Acceldata provides such detailed multi-layer data insights and goes beyond by making recommendations on how to optimize your data, data pipelines, and infrastructure and in some cases automate the adjustments. These recommendations are highly tuned and specific to the underlying data platforms being used, such as Snowflake, Databricks, Spark, and Hadoop.
Get the Entire Team Involved
Data teams are skilled at knowing the technical aspects of the data and the infrastructure supporting it. However, they may not be as aware of the nuances of the data content and how the business teams use the data. This is more in the domain of data analysts or scientists.
Another best practice for data reliability is to get a wider team involved in the process. Data analysts can contribute more business-oriented data quality checks. They can also collaborate with data teams to determine tolerances on data quality checks (e.g., percentage of null values that is acceptable) and the best timing of data pipelines for data freshness that meets the needs of the business.
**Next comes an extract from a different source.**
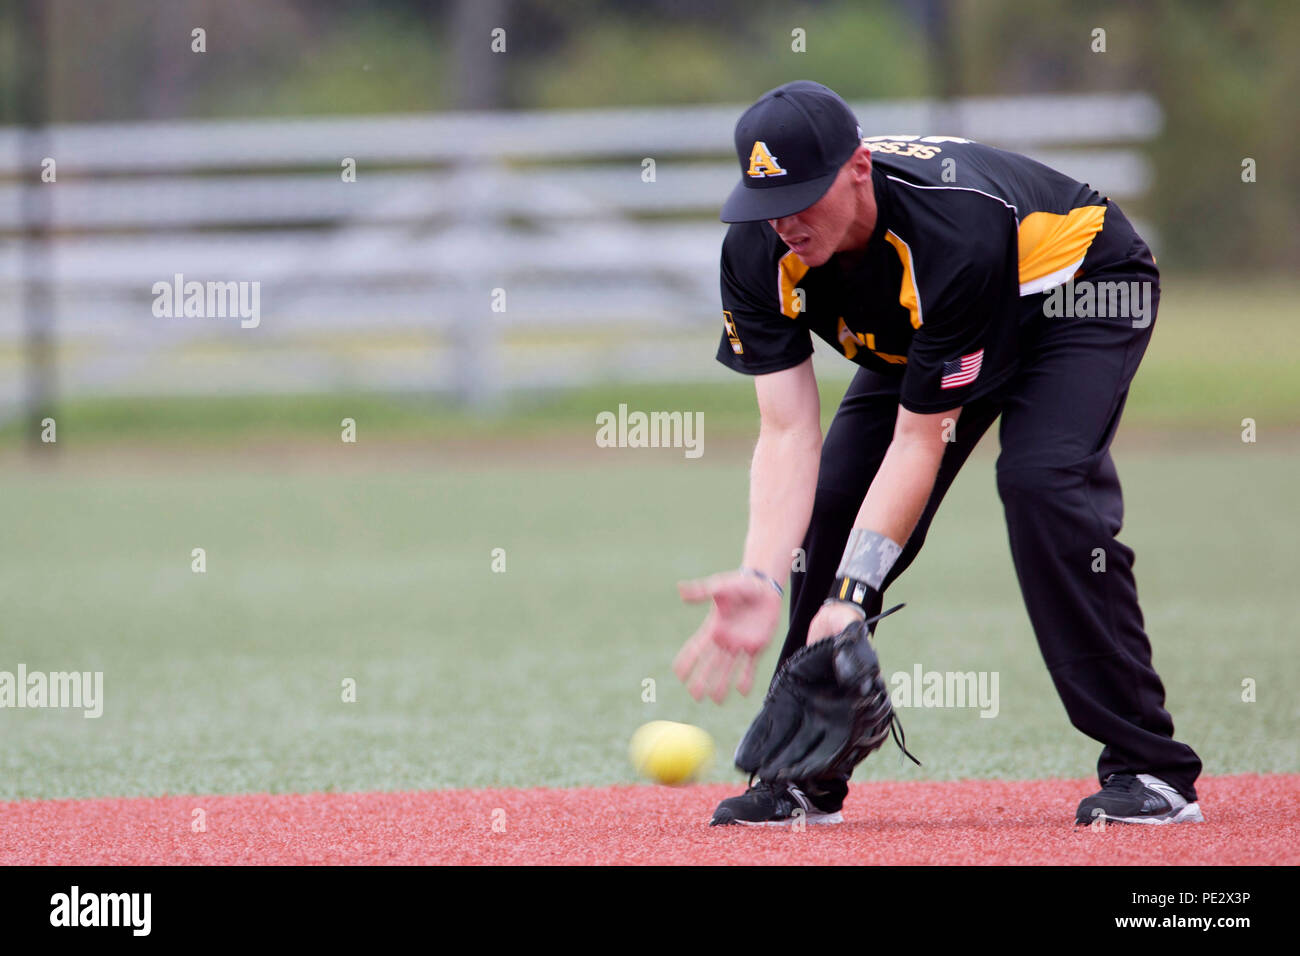 U.S. Army Sgt. Eric Sessom, infielder with the U.S. Army men’s softball team, catches a ball during the 2015 Armed Forces Softball Tournament at the intramural softball field on Camp Lejeune, N.C., Sept. 24, 2015. 160 athletes representing the U.S. Army, Marine Corps, Navy, and Air Force competed during a weeklong softball tournament hosted by Marine Corps Community Services. (U.S. Marine Corps photo by Lance Cpl. Austin M. Schlosser, MCIEAST-MCB CAMLEJ Combat Camera/Released) Stock Photo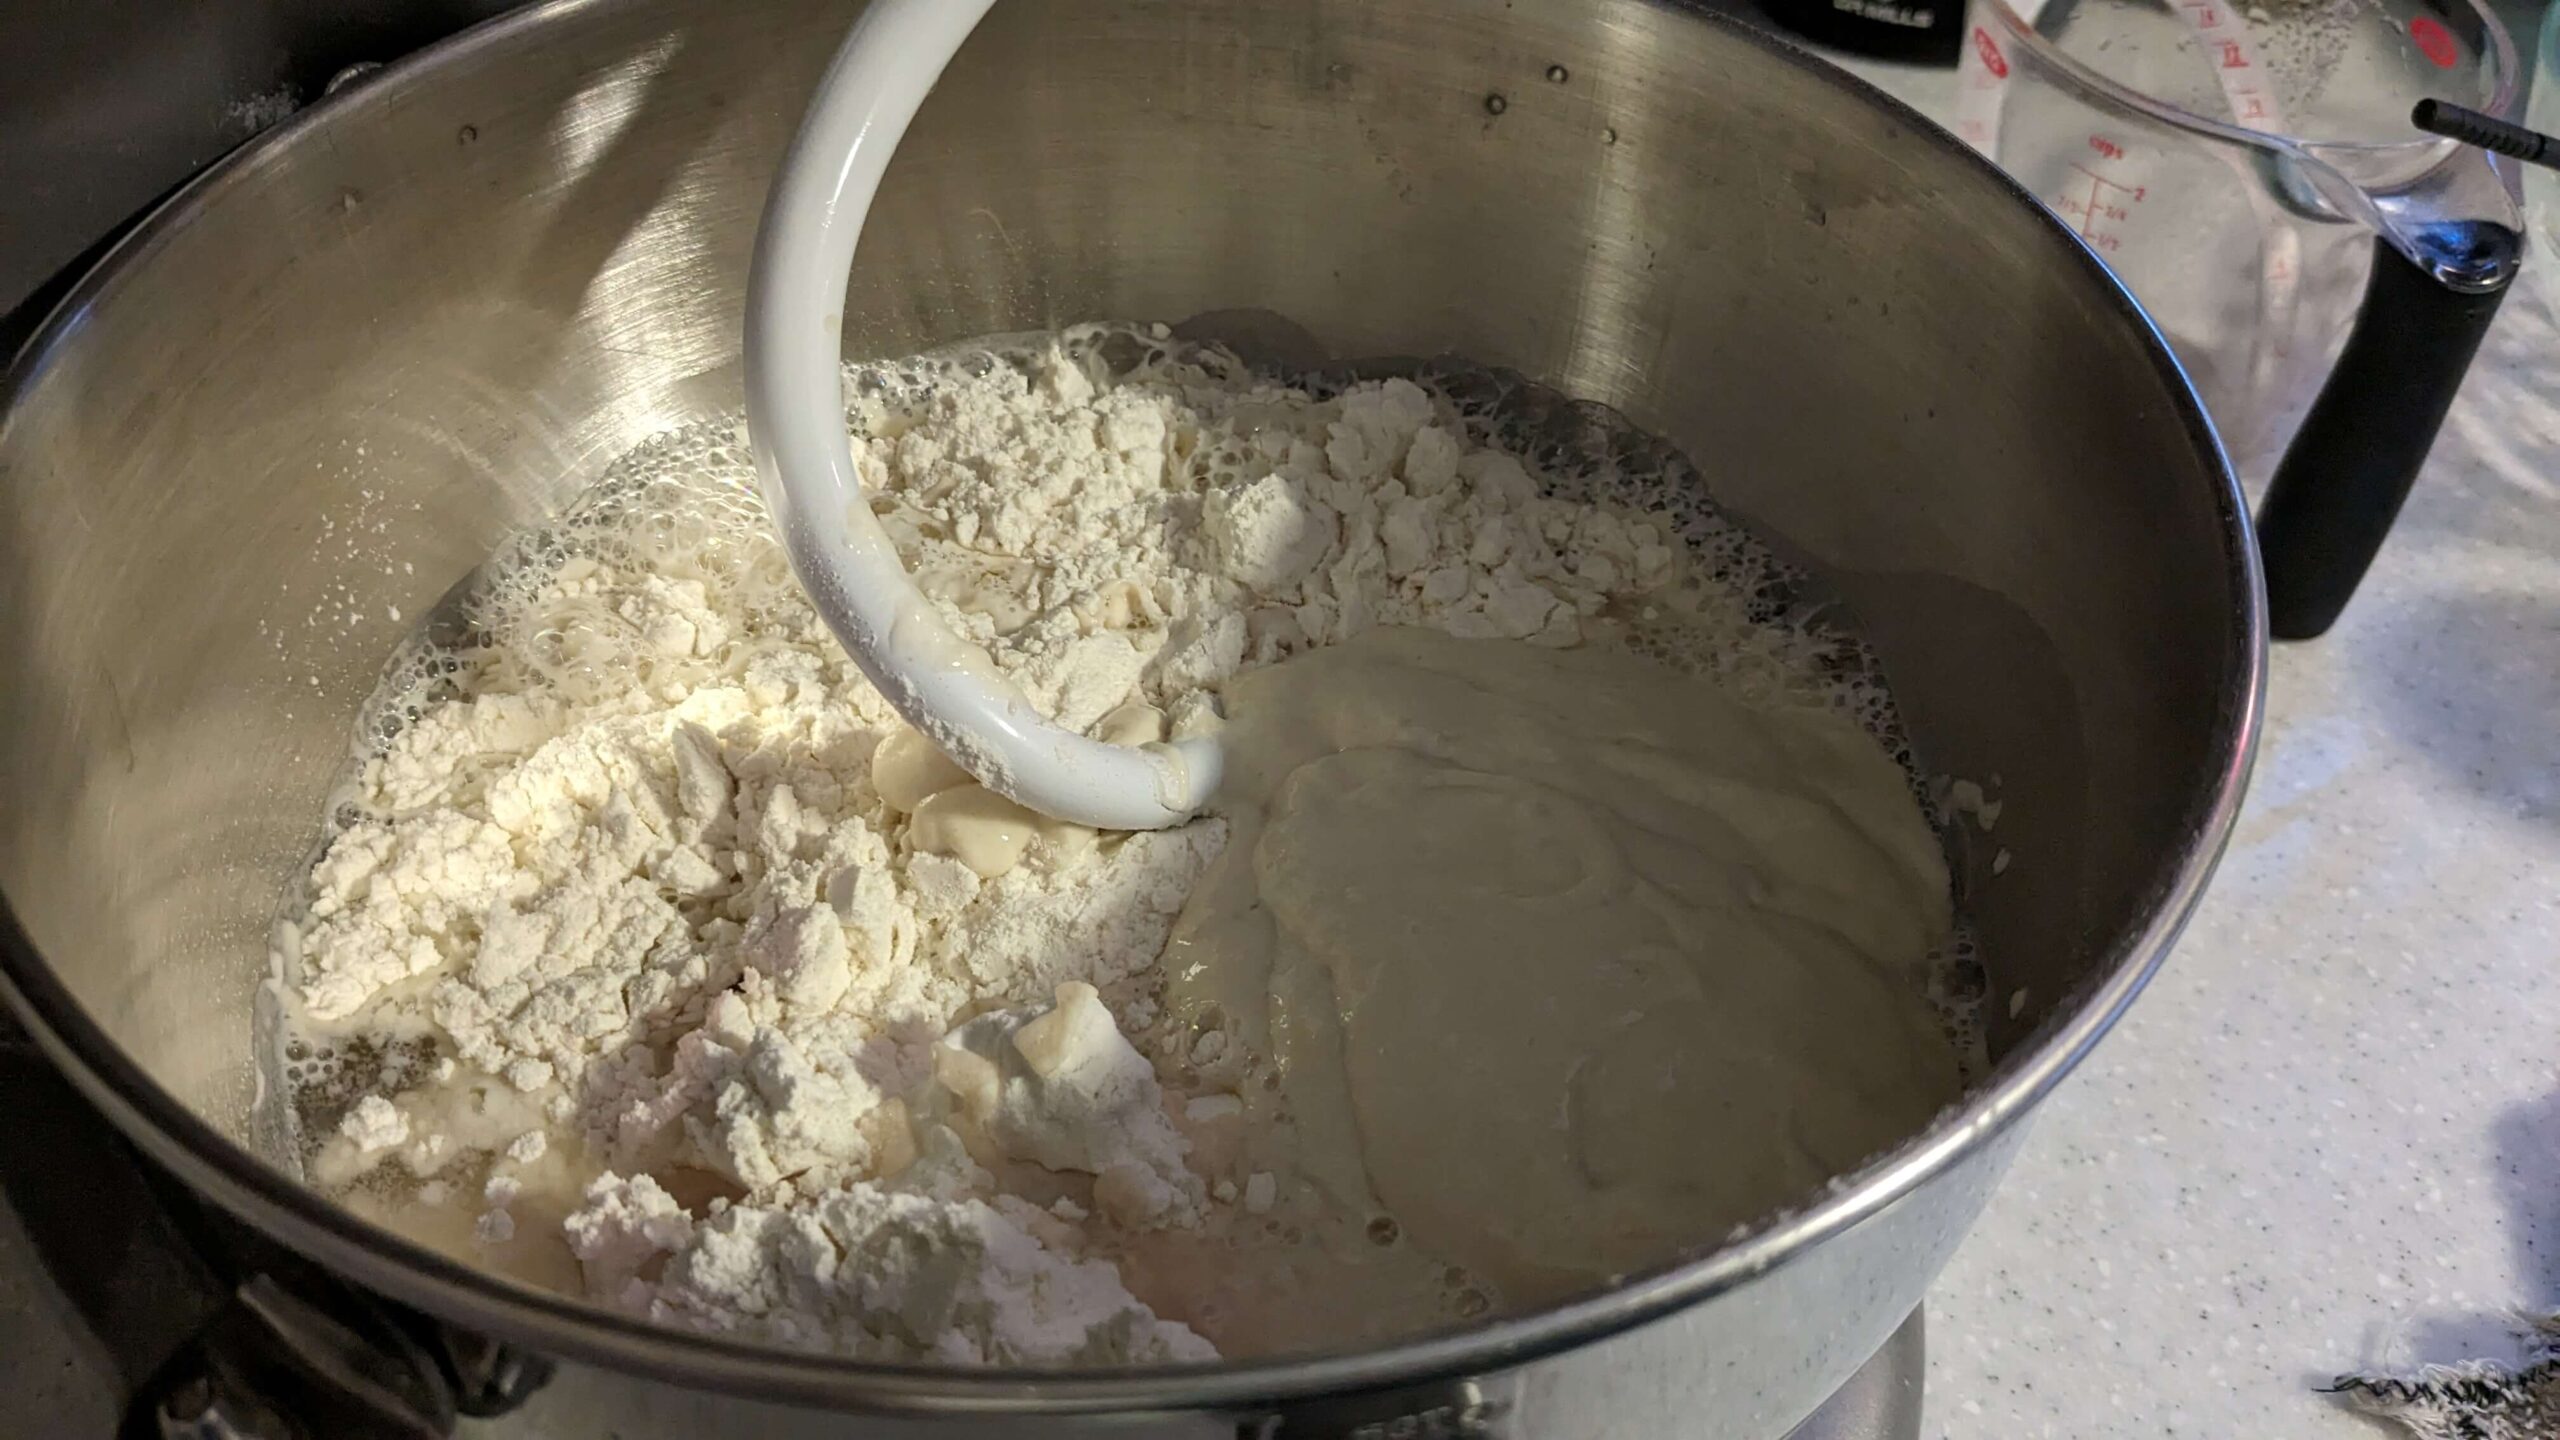 sourdough starter in a wet dough mixture in the bowl of a kitchen aid mixer with a dough hook

Acceldata provides collaborative, easy-to-use low-code and no-code tools with automated data quality checks and recommendations so data analysts, who might have sophisticated programming skills, can easily set up their own data quality and reliability checks. Acceldata offers role-based security to ensure different members of the wider data team work securely.
Resulting Benefits From Data Reliability
Implementing data reliability best practices will result in a number of benefits, including:
- Better deployment of your data engineering resources to maintain or lower data engineering costs.
- Better management and visibility of the data infrastructure to keep those costs low.
- Lower legal risk around your data.
- Keeping a high reputation for your data products and increasing trust in the data.
- Maintaining strong compliance around your data and eliminating potential fines for non-compliance.
Best practices are an essential part of every domain in the IT and data world and that now includes the category of data reliability. Best practices not only allow teams to optimize their efforts and eliminate problems, but they also provide a faster ramp-up in the solution area.
In this document we have described a number of key best practices for data reliability that data teams can incorporate, including:
- Apply tests across the entire supply chain.
- Shift-left your data reliability to test data before it hits your warehouse/lakehouse.
- Effectively use automation in data reliability solutions.
- Scale up and scale out your data reliability to increase your coverage.
- Continuously monitor and receive alerts to scale your data incident management.
- Take full advantage of detailed multi-layer data to rapidly solve data incidents.
- Continuously optimize your data assets, pipelines, and infrastructure using recommendations from your solution.
- Get the wider team involved in your data reliability processes and efforts.
These best practices enable data teams to scale their efforts in ways that don’t require significant investment in new resources while also allowing them to run efficient and effective data operations. Incorporate these into your planning and everyday work for smooth data reliability processes.